Research:Understanding perception of readability in Wikipedia

Tracked in Phabricator:
Task T325815
13:30, 22 December 2022 (UTC)
Indira Sen
Mareike Wieland
Katrin Weller
Duration:  2023-January – ??

This page documents a research project in progress.
Information may be incomplete and change as the project progresses.
Please contact the project lead before formally citing or reusing results from this page.

In this project, we aim to better understand readers’ perception of readability of articles in Wikipedia. For this, we plan to conduct surveys asking participants to rate the readability of articles. This will help us evaluate the validity of a recently developed language-agnostic model to generate automated scores for readability.

Background edit

As part of our research program to Address Knowledge Gaps, we have been working to develop a multilingual model to assess the readability of Wikipedia articles (Research:Multilingual Readability Research). We have successfully tested a language-agnostic model which yields an automated readability score across languages. The model was evaluated on a set of articles annotated with different levels of readability, i.e. whether it can distinguish between an article from Wikipedia (e.g. English Wikipedia) and its “simpler” counterpart (the corresponding article from Simple English Wikipedia or Vikidia).
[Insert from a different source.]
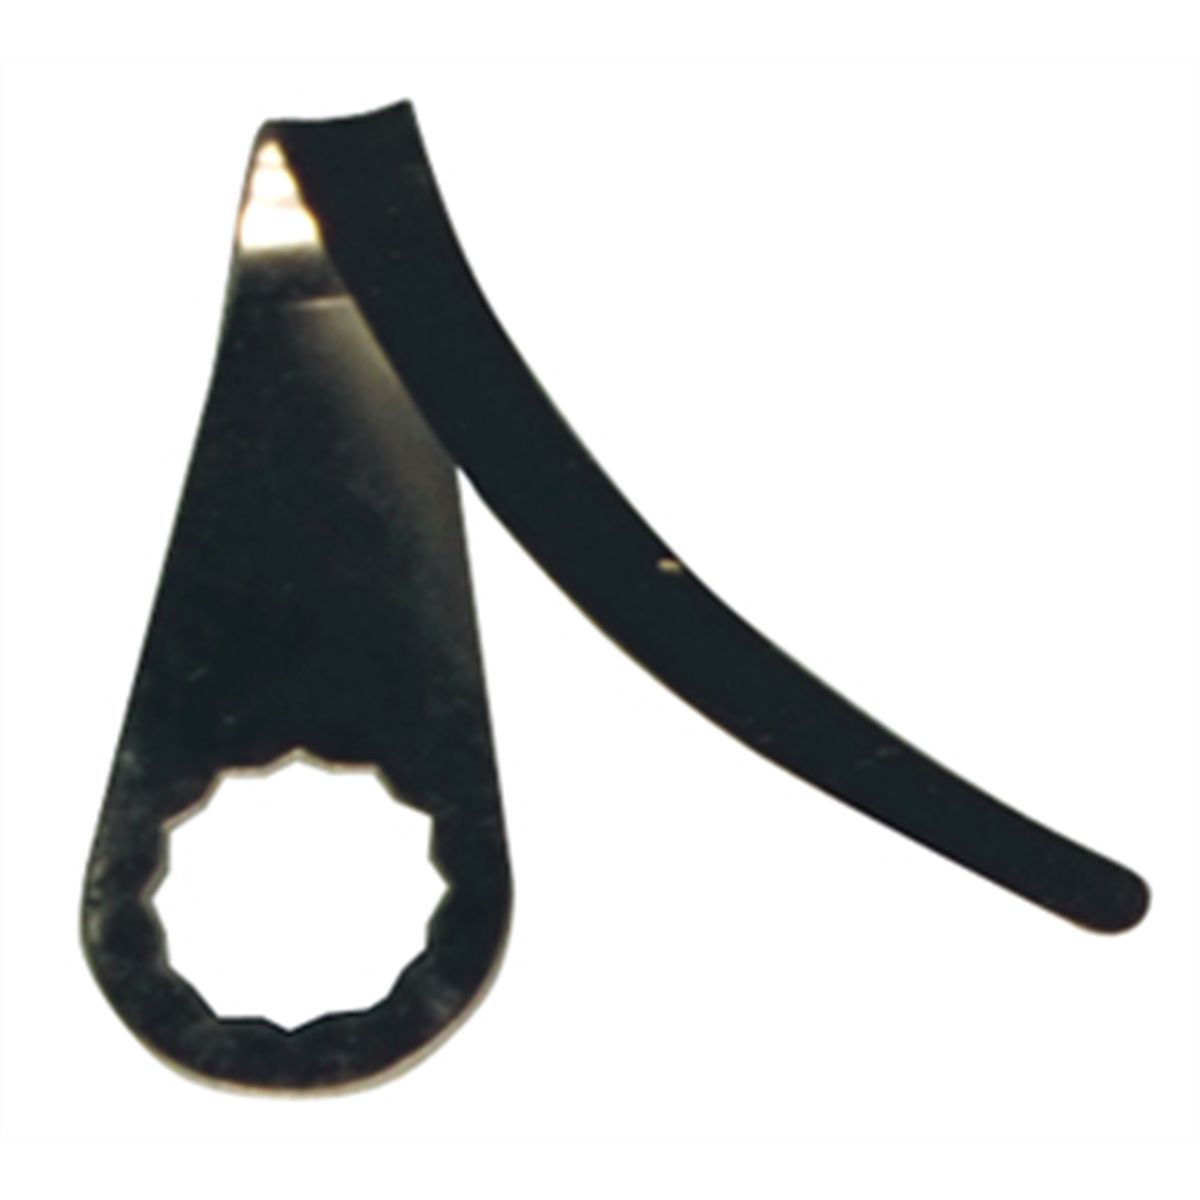 Windshield Knife Replacement Hook Blade for WINDK - 90mm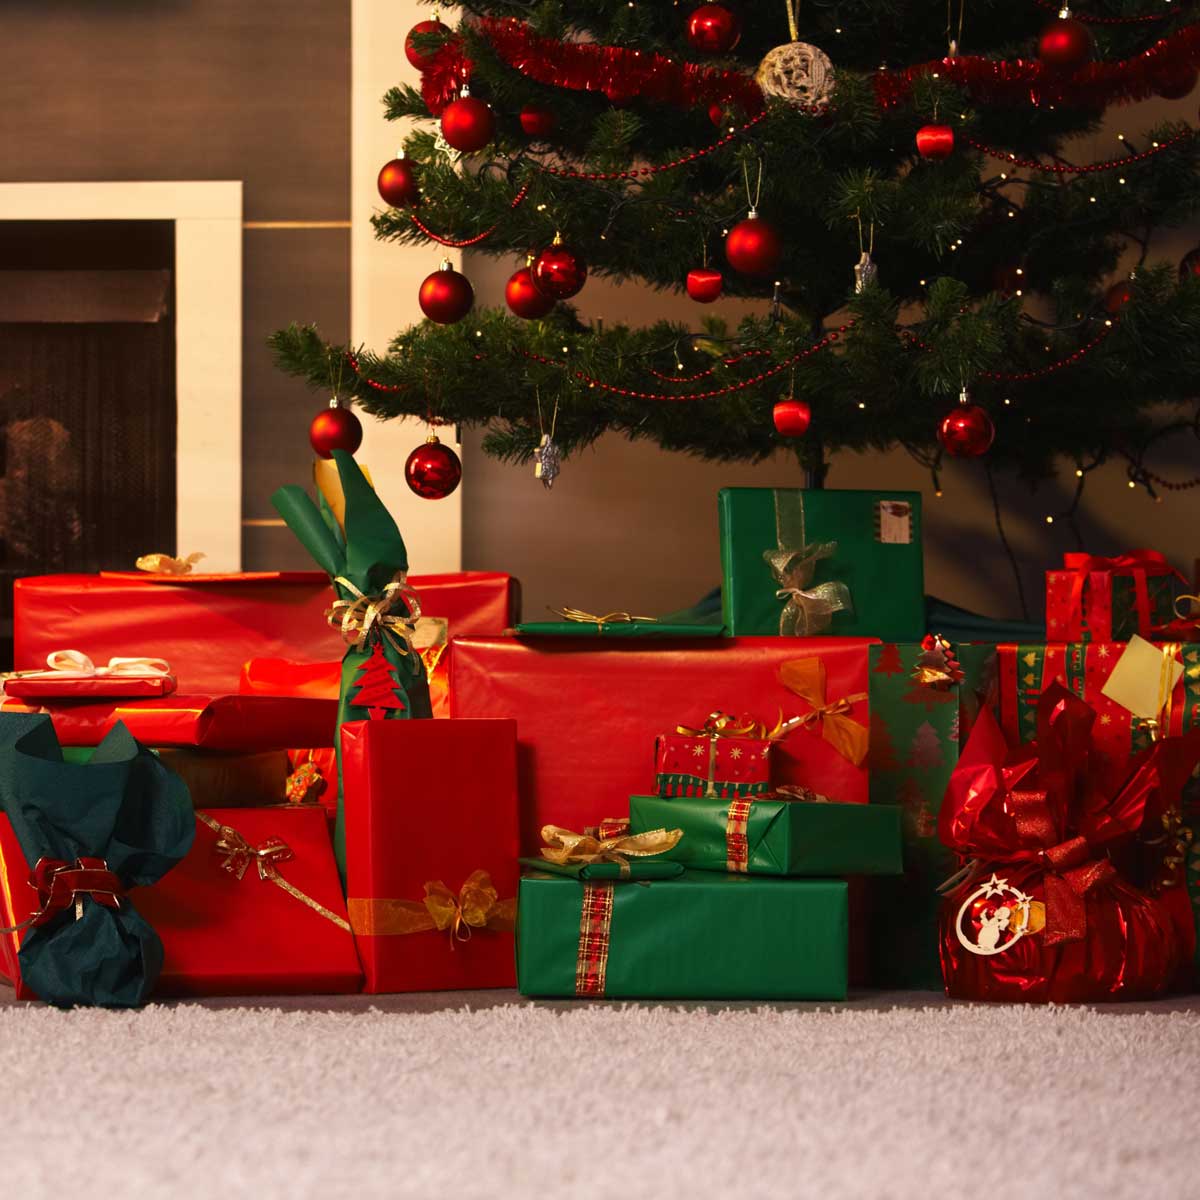 red and green wrapped presents under Christmas tree

However, this approach has (at least) two main limitations. First, ground-truth data of articles with annotations of their readability levels is not easily available for most languages in Wikipedia. Second, automated scores of readability do not necessarily capture the way readers perceive readability of articles[1].

Therefore, we want to better understand how readers perceive readability of Wikipedia articles. We aim to conduct surveys to obtain quantitative measures of perceived readability. This will provide a crucial step in the evaluation of whether our automated readability scores match perceived readability of readers. In addition, our methodology provides a framework to evaluate readability in languages for which we currently do not have ground-truth datasets of articles with annotated labels of their readability level. Overall, this study will hopefully improve our confidence in the validity of automated multilingual measures of readability.

Methods edit

Timeline edit

Planned timeline

  • Background research (1 month): literature review on how to measure perception of readability via surveys, review on technical infrastructure to recruit participants and host surveys
  • Pilot survey (2 months): running a pilot for testing our setup, evaluation for improvements.
  • Full survey (3 months): implementing improvements; running the survey in different languages; data analysis of results

Policy, Ethics and Human Subjects Research edit

We describe how we collect, use, share, store, and delete the information we receive from participants in the survey privacy statement.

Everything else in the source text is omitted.